1 John 3:1-3
On Being Children and Saints
James Sledge November
2, 2014 – All Saints
Some
of you may be familiar with the writings of Kathleen Norris who has authored books
such as Amazing Grace, Dakota: A
Spiritual Geography, and The Cloister
Walk. The title of that last one comes, at least in part, because Norris, a
married Protestant, spent nine months as an oblate in a Benedictine monastery.

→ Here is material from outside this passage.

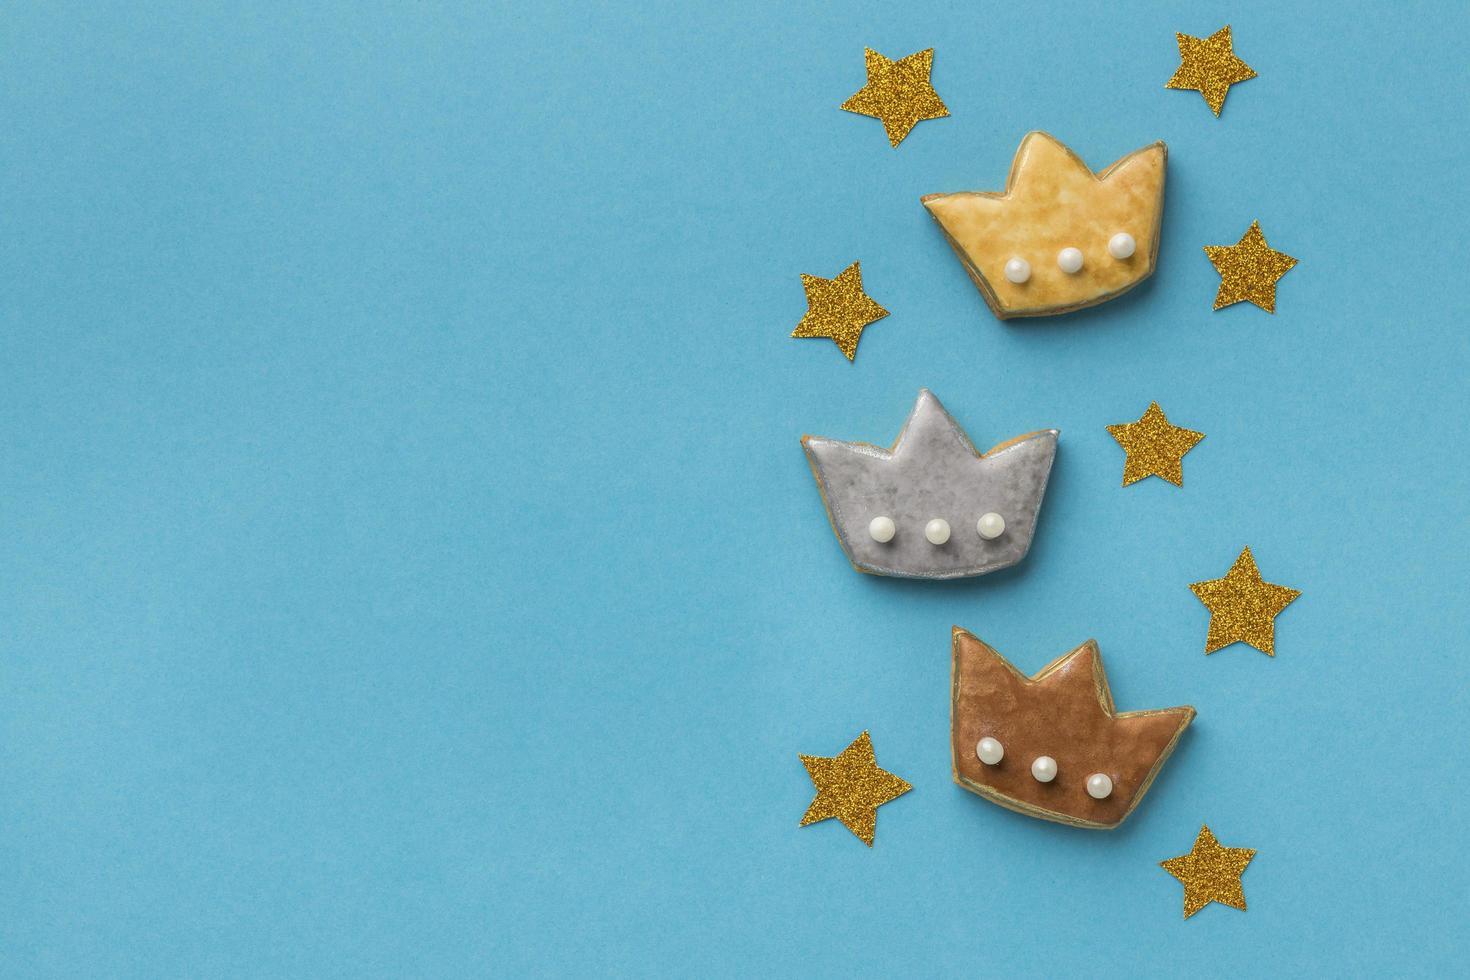 biscuits à la couronne et étoiles pour le jour de l'épiphanie photo

The book as a chapter entitled, “The War on Metaphor.” In it Norris describes
attending an event for a group of Protestant clergy, mostly Lutherans, where
the poet Diane Glancy did a poetry reading. As a way of introduction, Glancy said
she loved Christianity because “it was a blood religion.” The audience gasped
in shock, says Norris, who goes on to say that Glancy shared how she
appreciated the Christian faith’s relation to words and how words create the
world we live in. But Norris worries that we Christians have lost our sense of
the power of words, and especially of metaphor. She writes:
My experience
with Diane (Glancy) and the clergy is one of many that confirms my suspicion
that if you’re looking for a belief in the power of words to change things, to
come alive and make a path for you to walk on, you’re better off with poets
these days than with Christians. It’s ironic, because the scriptures of the
Christian canon are full of strange metaphors that create their own reality—the
“blood of the Lamb,” the “throne of grace,” the “sword of the Spirit”—and among
the name for Jesus himself are “the Word” and “the Way.”
Poets believe in
metaphor, and that alone sets them apart from many Christians, particularly
people educated to be pastors and church workers. As one pastor of Spencer
Memorial - by no means a conservative on theological or social issues - once
said in a sermon, many Christians can no longer recognize that the most significant
part of the first line of “Onward Christian Soldiers, marching as to war” is
the word “as.”
…This metaphoric
impoverishment strikes me as ironic, partly because I’m well aware, thanks to a
friend who’s a Hebrew scholar, that for all the military metaphors employed in
the Old Testament, the command that Israel receives most often is to sing. I
also know that the Benedictines have lived peaceably for 1500 years with a Rule
that is full of terminology, imagery, and metaphors borrowed from the Roman army. [1]
I’m
inclined to think that our “metaphoric impoverishment,” as Norris calls it,
extends to the terms “children of God” and “child of God.” In current usage,
these are often little more than flowery ways of saying “human being.” Indeed
to suggest that the terms do not apply equally to all people sounds almost
fundamentalist.
I
can appreciate why. Especially to our metaphorically impoverished ears, where
words simply impart information, to apply “child of God” in a non-universal
fashion, is to engage in the worst sort of exclusivism where some people matter
and some do not, where some have value, and some do not. But “child of God” is no
pedestrian label.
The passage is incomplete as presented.